**Task brief:**
Each line from the start of the data below through the one containing "CORDINO 4-Fuß-Bett aus" must be reproduced exactly.

** Opening Records to use block **

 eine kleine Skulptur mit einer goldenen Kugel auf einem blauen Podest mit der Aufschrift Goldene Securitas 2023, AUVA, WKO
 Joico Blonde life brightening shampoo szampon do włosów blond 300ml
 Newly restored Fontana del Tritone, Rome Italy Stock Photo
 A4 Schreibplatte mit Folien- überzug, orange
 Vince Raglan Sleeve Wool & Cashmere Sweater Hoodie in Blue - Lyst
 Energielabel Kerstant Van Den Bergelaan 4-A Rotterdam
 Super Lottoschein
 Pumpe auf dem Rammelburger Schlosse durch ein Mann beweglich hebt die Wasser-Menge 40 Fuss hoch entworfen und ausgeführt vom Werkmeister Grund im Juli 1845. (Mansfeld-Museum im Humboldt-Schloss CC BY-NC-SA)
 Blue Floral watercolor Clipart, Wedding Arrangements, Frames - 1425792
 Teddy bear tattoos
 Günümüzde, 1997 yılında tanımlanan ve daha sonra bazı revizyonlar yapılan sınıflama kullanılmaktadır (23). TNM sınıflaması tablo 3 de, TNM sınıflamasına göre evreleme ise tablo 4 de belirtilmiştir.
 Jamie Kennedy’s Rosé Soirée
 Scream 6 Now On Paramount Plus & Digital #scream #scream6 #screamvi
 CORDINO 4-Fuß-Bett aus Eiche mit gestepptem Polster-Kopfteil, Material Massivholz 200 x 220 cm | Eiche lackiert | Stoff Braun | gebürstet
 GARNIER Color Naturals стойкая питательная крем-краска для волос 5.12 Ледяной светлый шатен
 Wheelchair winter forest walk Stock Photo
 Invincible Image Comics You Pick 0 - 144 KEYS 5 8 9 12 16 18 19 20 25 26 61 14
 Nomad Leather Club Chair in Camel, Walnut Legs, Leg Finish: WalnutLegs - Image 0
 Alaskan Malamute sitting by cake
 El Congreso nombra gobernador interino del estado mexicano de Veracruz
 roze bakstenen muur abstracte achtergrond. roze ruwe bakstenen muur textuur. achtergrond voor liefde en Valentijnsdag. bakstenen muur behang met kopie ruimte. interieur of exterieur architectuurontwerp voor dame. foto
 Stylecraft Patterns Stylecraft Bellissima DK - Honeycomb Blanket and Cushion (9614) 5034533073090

** Closing Records to use block **

**Reply to the exercise:**
 eine kleine Skulptur mit einer goldenen Kugel auf einem blauen Podest mit der Aufschrift Goldene Securitas 2023, AUVA, WKO
 Joico Blonde life brightening shampoo szampon do włosów blond 300ml
 Newly restored Fontana del Tritone, Rome Italy Stock Photo
 A4 Schreibplatte mit Folien- überzug, orange
 Vince Raglan Sleeve Wool & Cashmere Sweater Hoodie in Blue - Lyst
 Energielabel Kerstant Van Den Bergelaan 4-A Rotterdam
 Super Lottoschein
 Pumpe auf dem Rammelburger Schlosse durch ein Mann beweglich hebt die Wasser-Menge 40 Fuss hoch entworfen und ausgeführt vom Werkmeister Grund im Juli 1845. (Mansfeld-Museum im Humboldt-Schloss CC BY-NC-SA)
 Blue Floral watercolor Clipart, Wedding Arrangements, Frames - 1425792
 Teddy bear tattoos
 Günümüzde, 1997 yılında tanımlanan ve daha sonra bazı revizyonlar yapılan sınıflama kullanılmaktadır (23). TNM sınıflaması tablo 3 de, TNM sınıflamasına göre evreleme ise tablo 4 de belirtilmiştir.
 Jamie Kennedy’s Rosé Soirée
 Scream 6 Now On Paramount Plus & Digital #scream #scream6 #screamvi
 CORDINO 4-Fuß-Bett aus Eiche mit gestepptem Polster-Kopfteil, Material Massivholz 200 x 220 cm | Eiche lackiert | Stoff Braun | gebürstet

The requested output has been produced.